Für 2.000 junge und noch kleine Weinstöcke reichte die Maßnahme nicht aus. Sie verendeten wegen der Hitze. Doch 78.000 andere Weinstöcke des Vin de Liège tragen jetzt Trauben. Mit einem - wie gesagt - hohen Zuckergehalt.
Um diese Vorlage des hohen Zuckergehalts in einen guten Wein umzuwandeln, bedarf es jetzt noch Wasser für die Trauben, damit sie größer werden, noch mehr Mineralien aufnehmen und schmackhaften Saft erzeugen können. "Was wir jetzt brauchen, wäre einen ganzen Tag lang ganz leichter Regen, damit der Boden oberflächlich, aber auch in der Tiefe gut mit Wasser gefüllt wird. Dann können wir darauf hoffen, dass die Trauben noch mehr Saft bekommen. Das fehlt ihnen zurzeit noch", sagte Winzer Heggen vor ein paar Tagen gegenüber der RTBF.
Der Wunsch von Winzer Heggen geht gerade quasi in Erfüllung. Zwar gab es keinen ganzen Tag lang leichten Regen. Aber über mehrere Tage verteilt mal immer wieder Regen. Daneben sind die Temperaturen etwas kühler. Die Hoffnung auf einen besonders guten Jahrgang bleibt für die Winzer rund um Visé also bestehen.

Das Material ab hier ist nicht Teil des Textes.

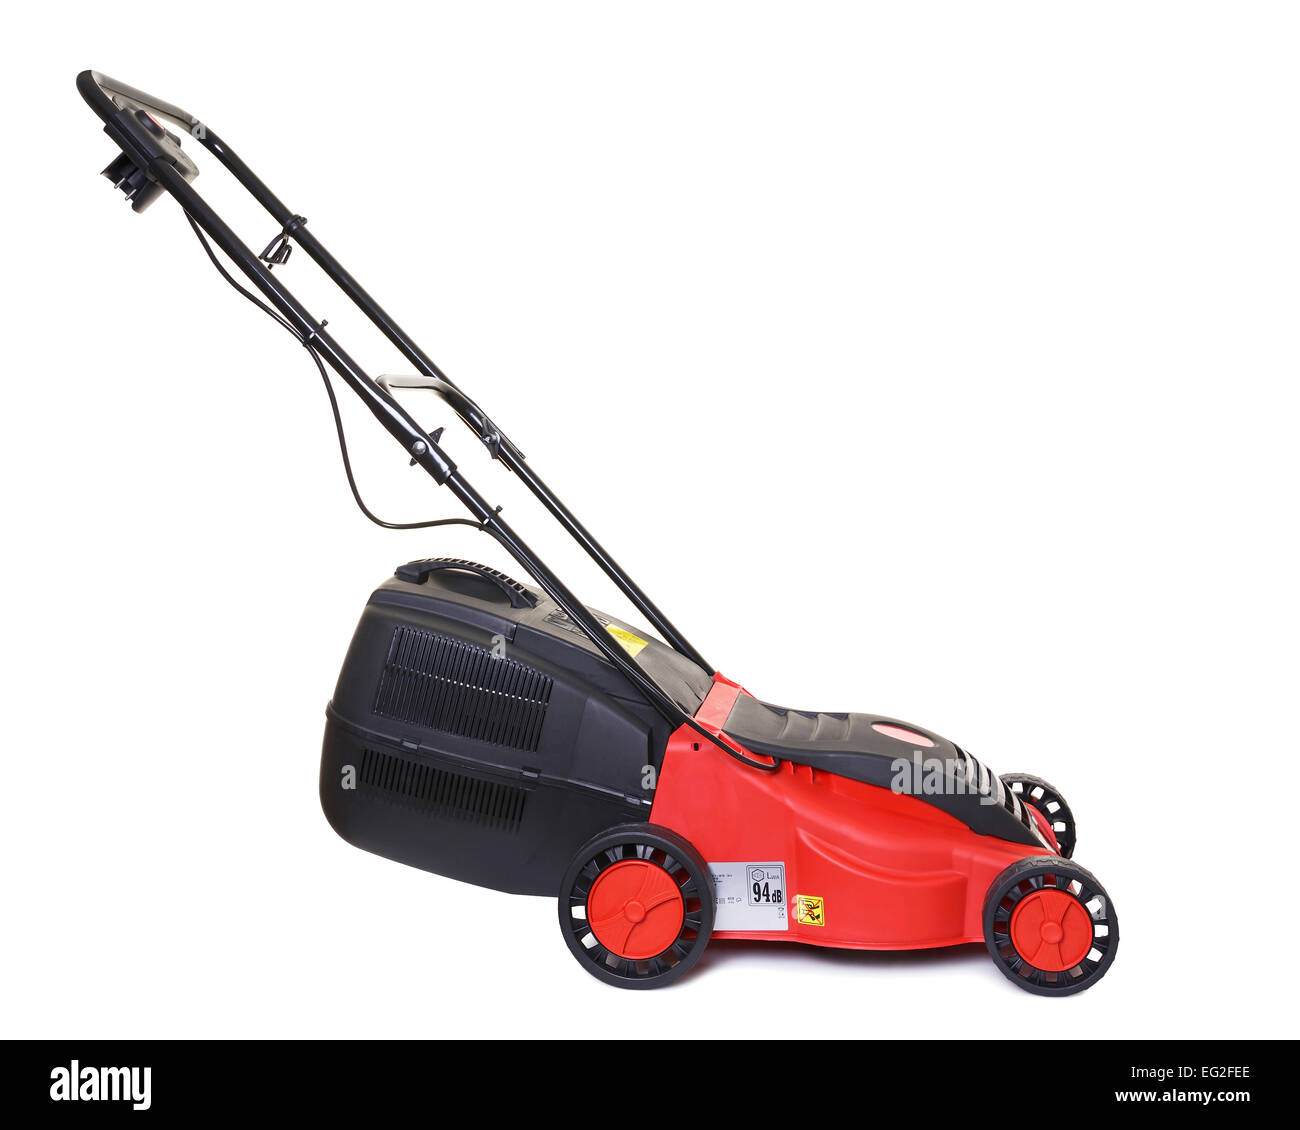 Lawn Mower, Cut Out. Stock Photo
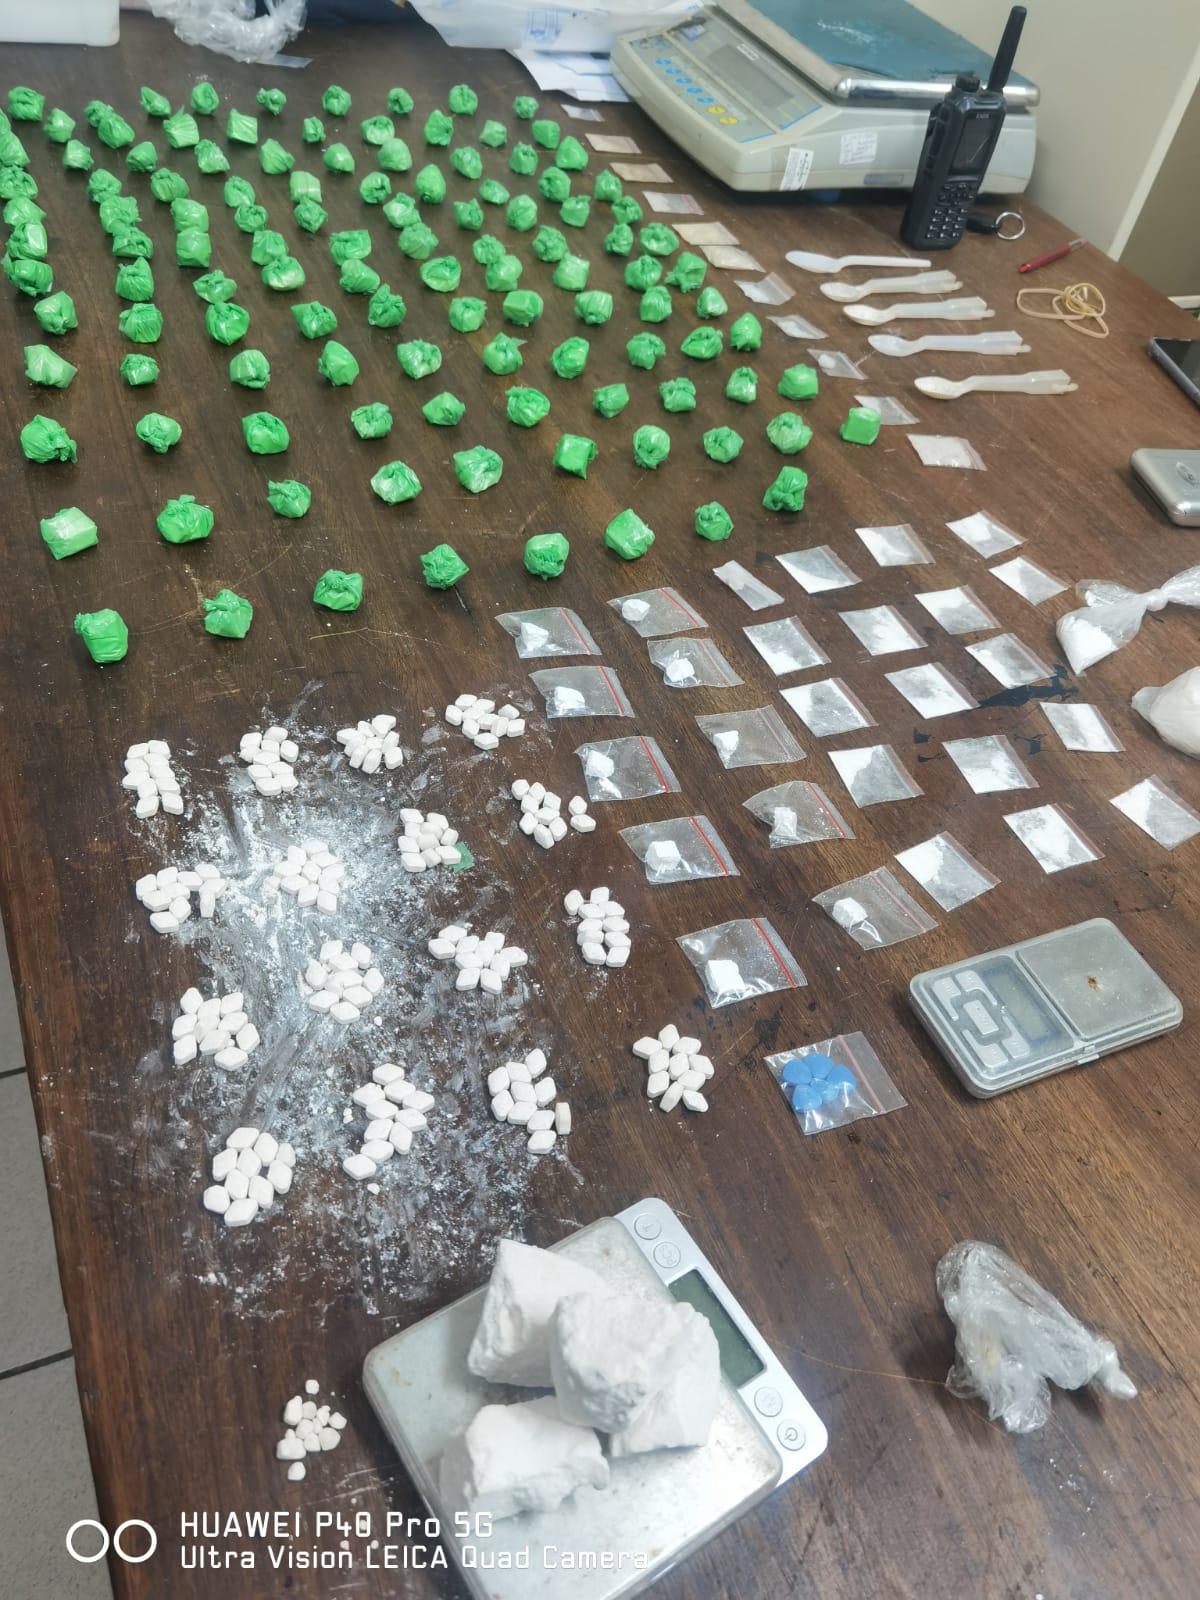 Geberha Flying Squad confiscate drugs

Mit der wahrscheinlich guten Ernte werden sie übrigens unterschiedlich umgehen. Winzer Heggen will seine Menge nicht steigern, dafür aber versuchen, die Qualität seines Weins aus der Domaine Vignoble les Marnières zu steigern. Bei den Vin de Liège geht man den anderen Weg. Hier will die Genossenschaft den guten Jahrgang dazu nutzen, die Menge des produzierten Weins zu erhöhen. 60.000 Flaschen erhofft sich Romain Bévillard. 20.000 mehr als im vergangenen Jahr.